For technical people. If you’re a developer or running AppSec, Paul basically handed you a working checklist. Pin your GitHub Actions by commit SHA, not tag. Sign your commits. Run pre-commit hooks that actually scan. Don’t assume your EDR caught anything malicious in your last pip install or npm install, because Paul just told you it didn’t. And that AI skill you dropped into .claude/skills last week, treat it like a random package from an account you’ve never heard of, because that’s what it is until proven otherwise. The detection layer you’re counting on was built for a previous decade of threat, which means the burden is back on engineering judgment. The teams that survive this era will be the ones where developers and AppSec treat each other as peers, not as a tax on each other’s velocity.
For enterprises. If your AppSec team is one person and you’ve already bought the post-SolarWinds tool stack, Paul is telling you plainly that you don’t have a security program. You have a risk transfer document with scanners bolted to it. The companies that actually get this right over the next five years will have fewer tools and more subject matter experts, and they’ll be the ones not showing up in headlines.

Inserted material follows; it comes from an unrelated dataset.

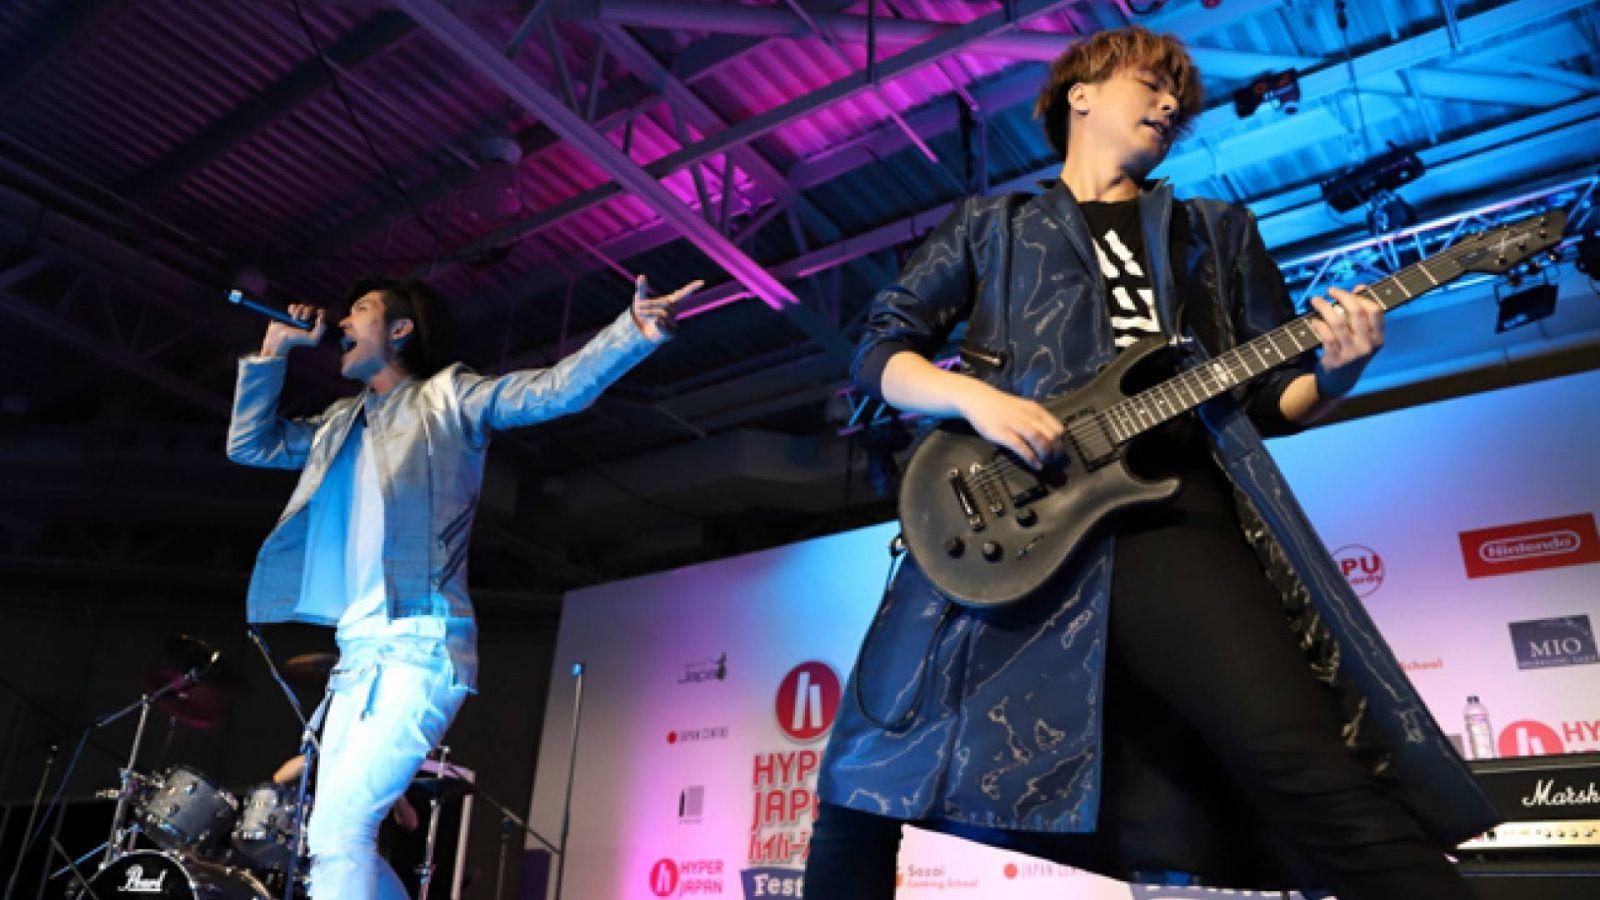 THE SIXTH LIE at HYPER JAPAN Festival 2018, London © ChrisN
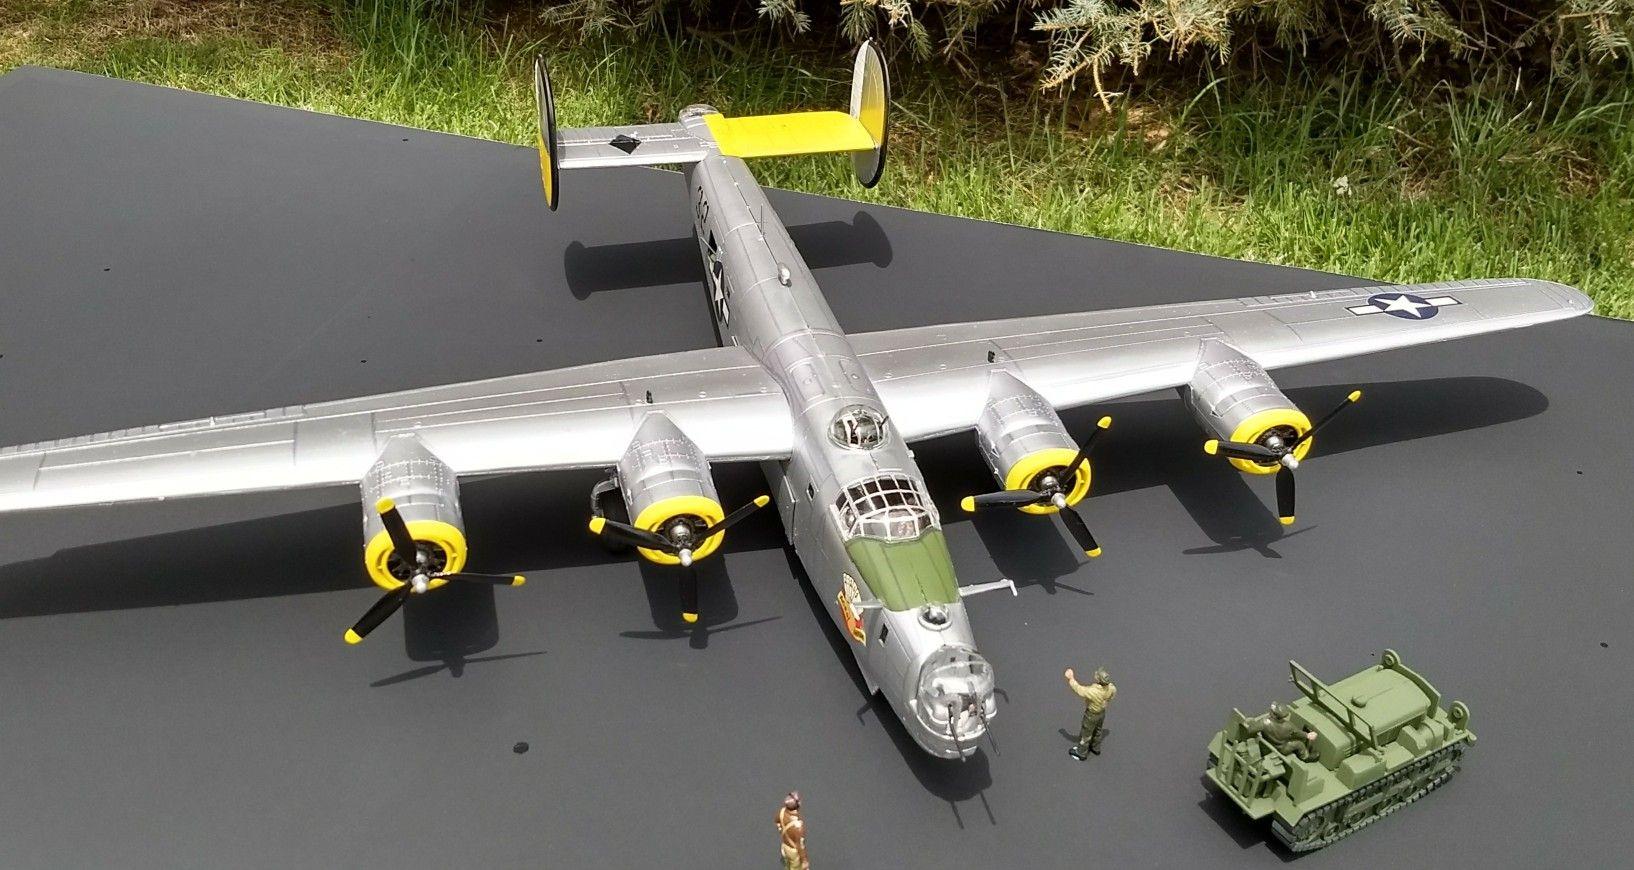 B-24 Liberator American heavy bomber 1:48 Monogram Model

For legislators and policymakers. The current regulatory frameworks on software supply chain (SBOM mandates in the US, the Cyber Resilience Act in the EU) assume the problem is transparency. Know what’s in your software. That’s useful, but it’s already one regulation behind the actual threat. The scanners you’re mandating visibility into were built for a threat model that isn’t the threat model anymore. You can mandate inventory all day on a detection layer that cannot see interpreted malware and has no framework at all for malicious AI skills, and you still end up with the same gap Paul is describing. Policy is already playing catchup, and AI skills means it’s about to be playing catch up on two fronts.
Paul McCarty runs OpenSourceMalware and teaches supply chain red teaming at BSides. The research on the Trivy compromise was a collaborative effort across a cross-company intelligence sharing group.